MILAN — Fiat Chrysler Automobiles is in talks to obtain a state-backed credit line of about 6.3 billion euros ($6.8 billion) from Italy to buttress the automaker’s finances against the steep downturn caused by the coronavirus, Bloomberg and Reuters reported.
The automaker is seeking to shore up liquidity after burning through $5.5 billion in the first quarter while its plants were shuttered and new-car demand stalled.
FCA has gradually restarted its operations in Italy since the end of last month after they were closed due to government coronavirus lockdowns. The automaker on Tuesday released plans detailing how it will resume North American production next week.
FCA, which has its legal headquarters in the Netherlands, runs several plants in Italy and may qualify for the government program, which offers more than 400 billion euros worth of liquidity and bank loans to companies hit by the pandemic.
Companies using the program for state guarantees on loans must refrain from approving dividend payments for a year.
FCA and Peugeot maker PSA Group decided earlier this week to scrap the 1.1 billion-euro dividends that each agreed to pay as part of their agreement to merge, while saying the tie-up to create the world’s fourth-largest automaker remains on track to close before the end of next year’s first quarter.
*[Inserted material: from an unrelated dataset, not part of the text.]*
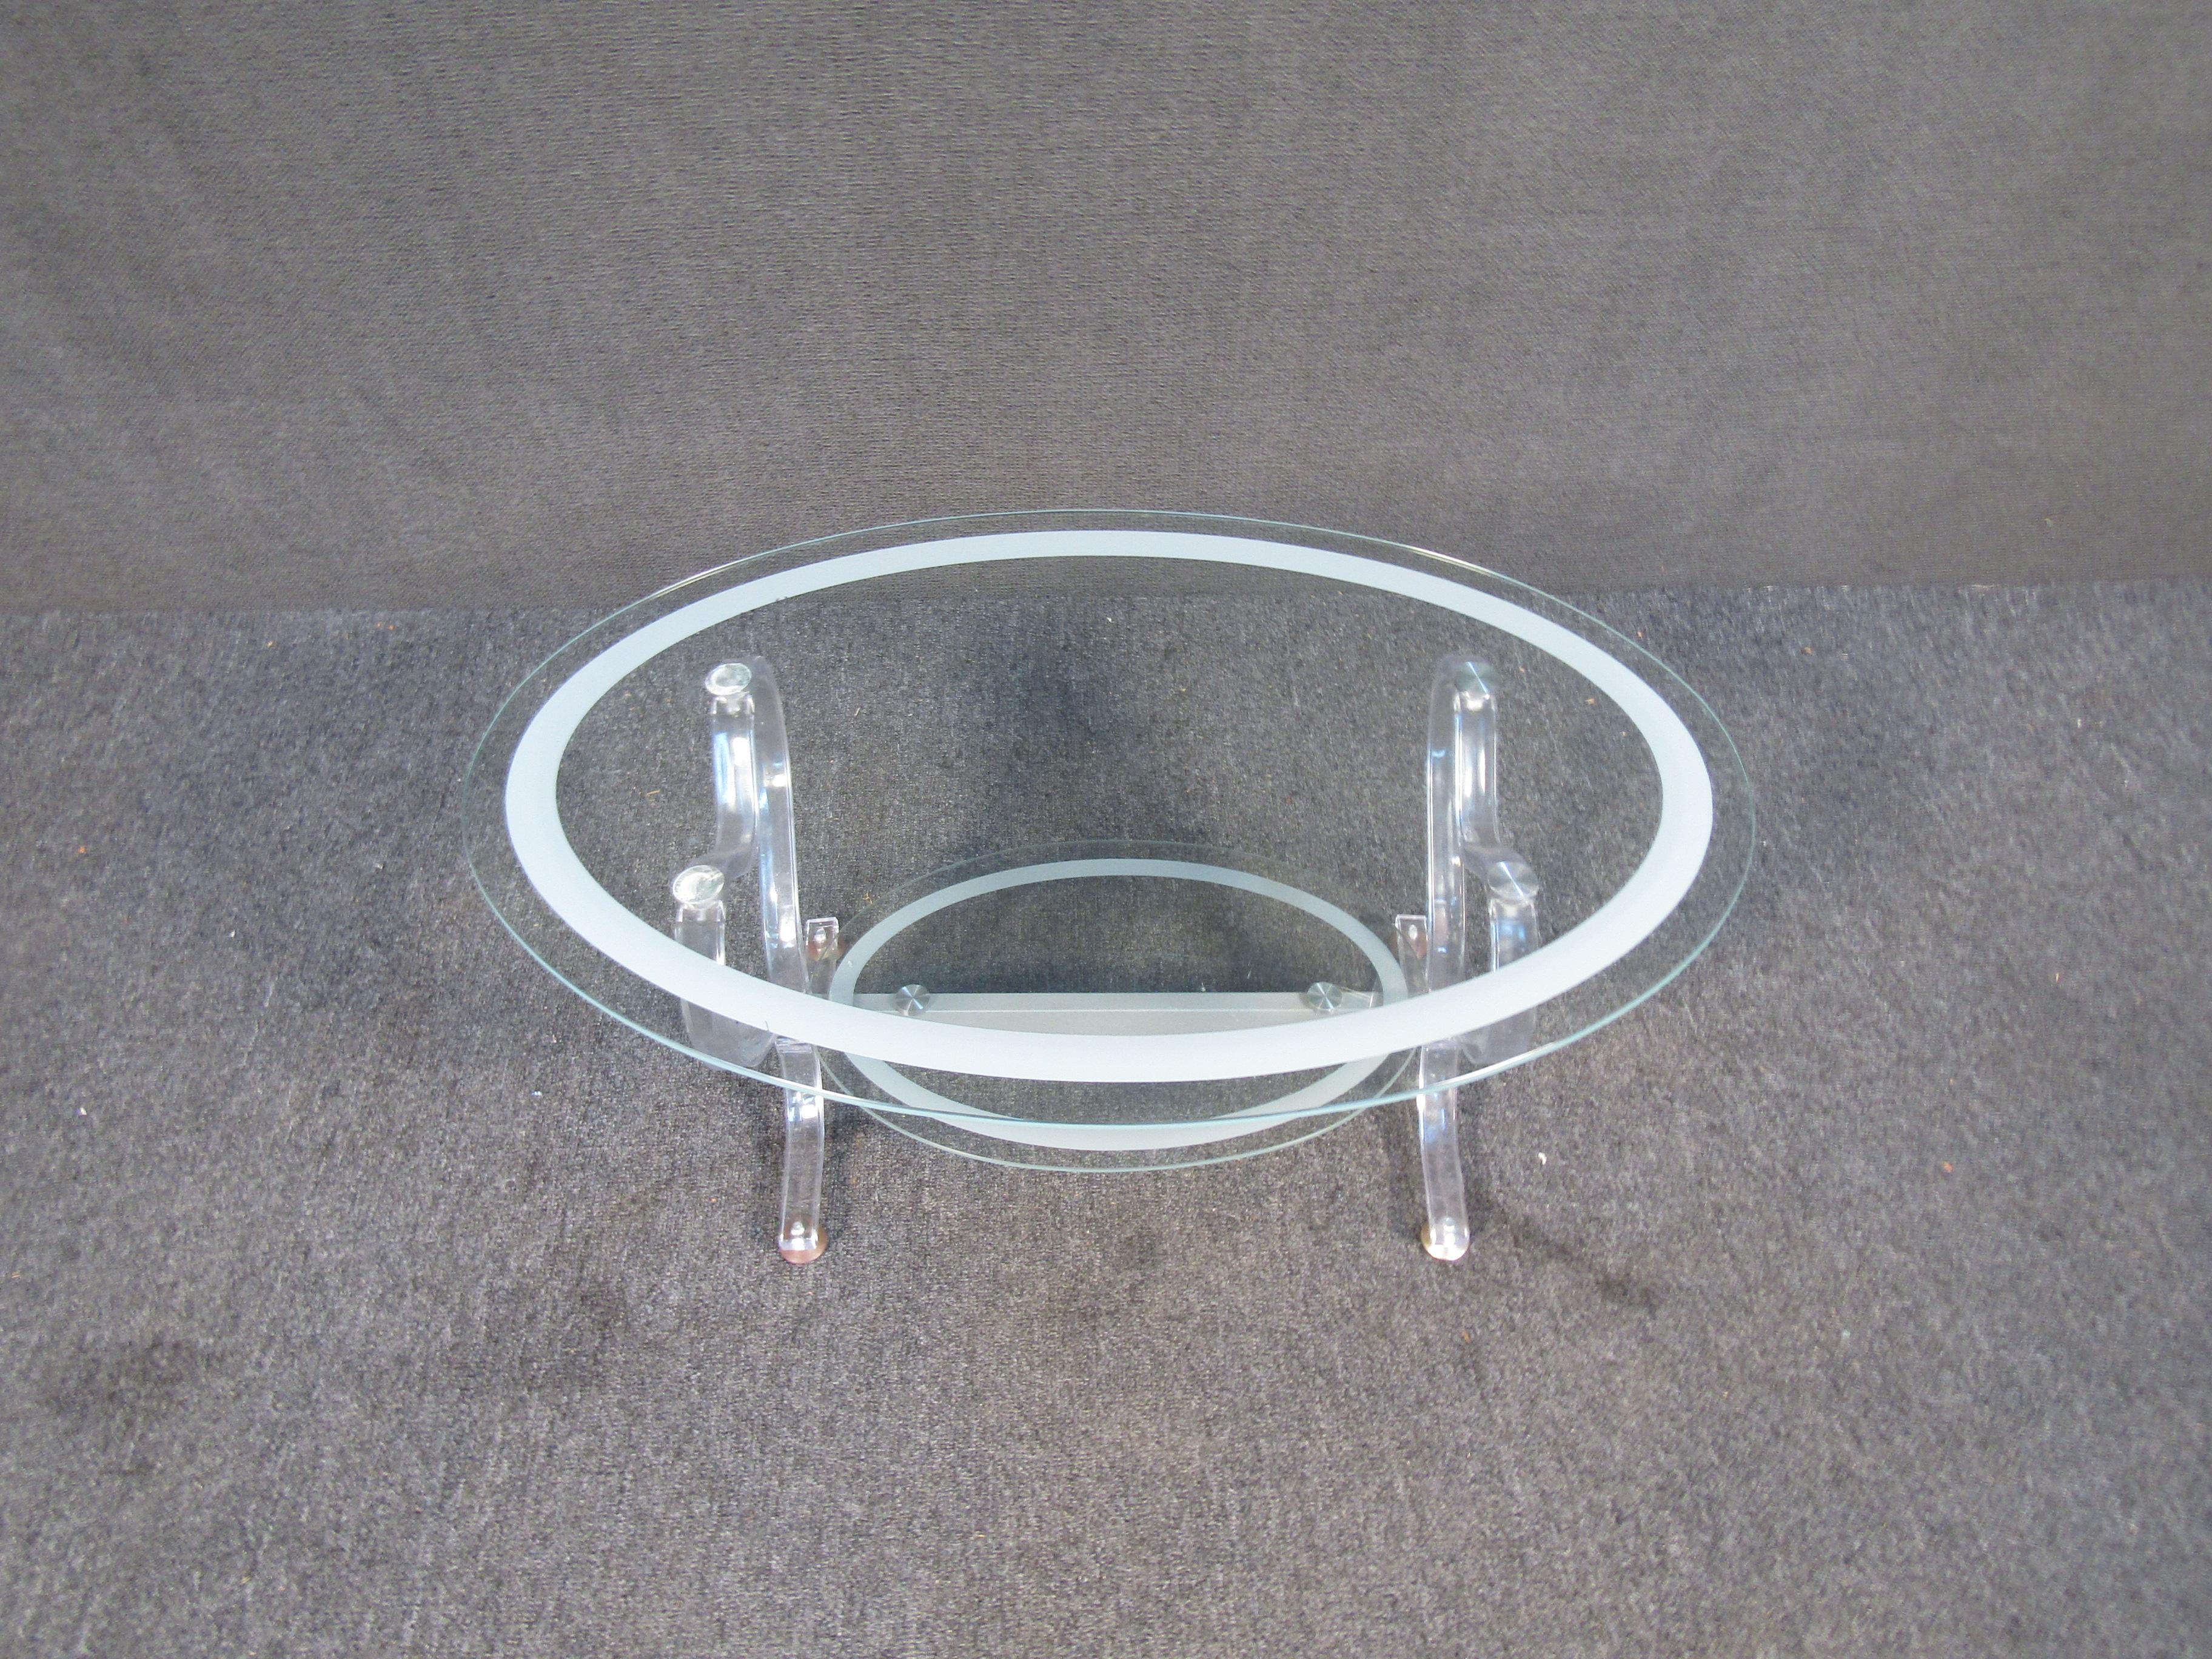 Dieser einzigartige, zweistufige Glastisch hat ein ovales Design und einen verzierten Sockel aus Lucite. Weiß gestreifte Akzente umgeben sowohl die oberen als auch die unteren Regalböden. Dieser Tisch ist die perfekte Ergänzung für jede Lounge, in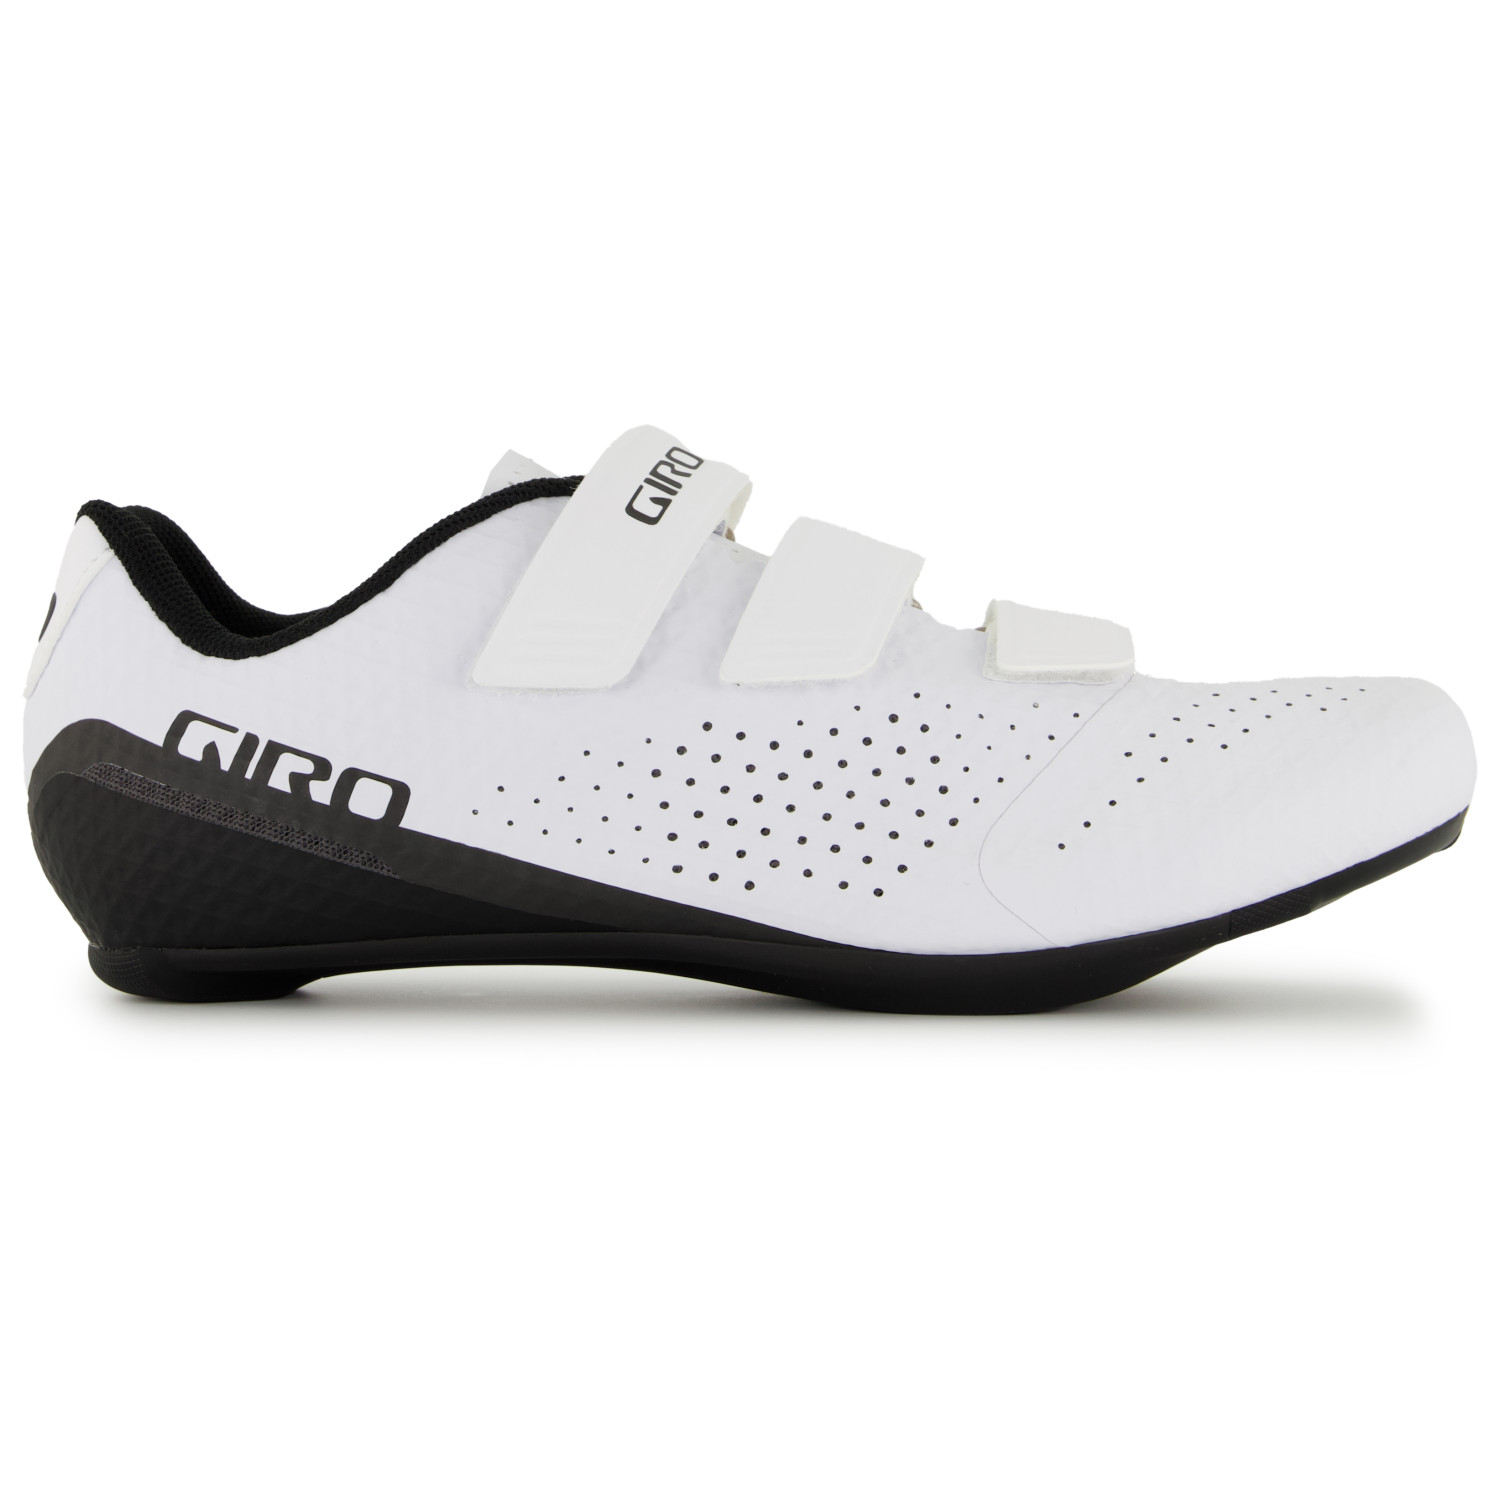 Велосипедная обувь Giro Giro Stylus, белый велосипедная обувь cadet женская giro черный

FCA is in talks with Italian lender Intesa Sanpaolo over the loan, reports said.
Sace, Italy’s trade-credit insurer, will provide a public guarantee for 80 percent of the amount, they said. The guarantee would need to be granted by a decree of the Italian Finance Ministry, the people said.
The loan also must be approved by Intesa Sanpaolo’s board.
Representatives for FCA, Intesa and Sace declined to comment.
Italy, hard hit by the virus outbreak, is trying to prop up its battered economy with a second stimulus package worth 55 billion euros.
The loan would be the largest financing guaranteed by a European government during the pandemic after Renault’s 5 billion-euro deal last month.
FCA has already raised fresh funds to manage through the crisis. In late March it obtained a new 3.5 billion euros credit facility; one month later it announced it had drawn down 6.25 billion euros from an existing revolver, plus 1.5 billion drawn from bilateral credit lines.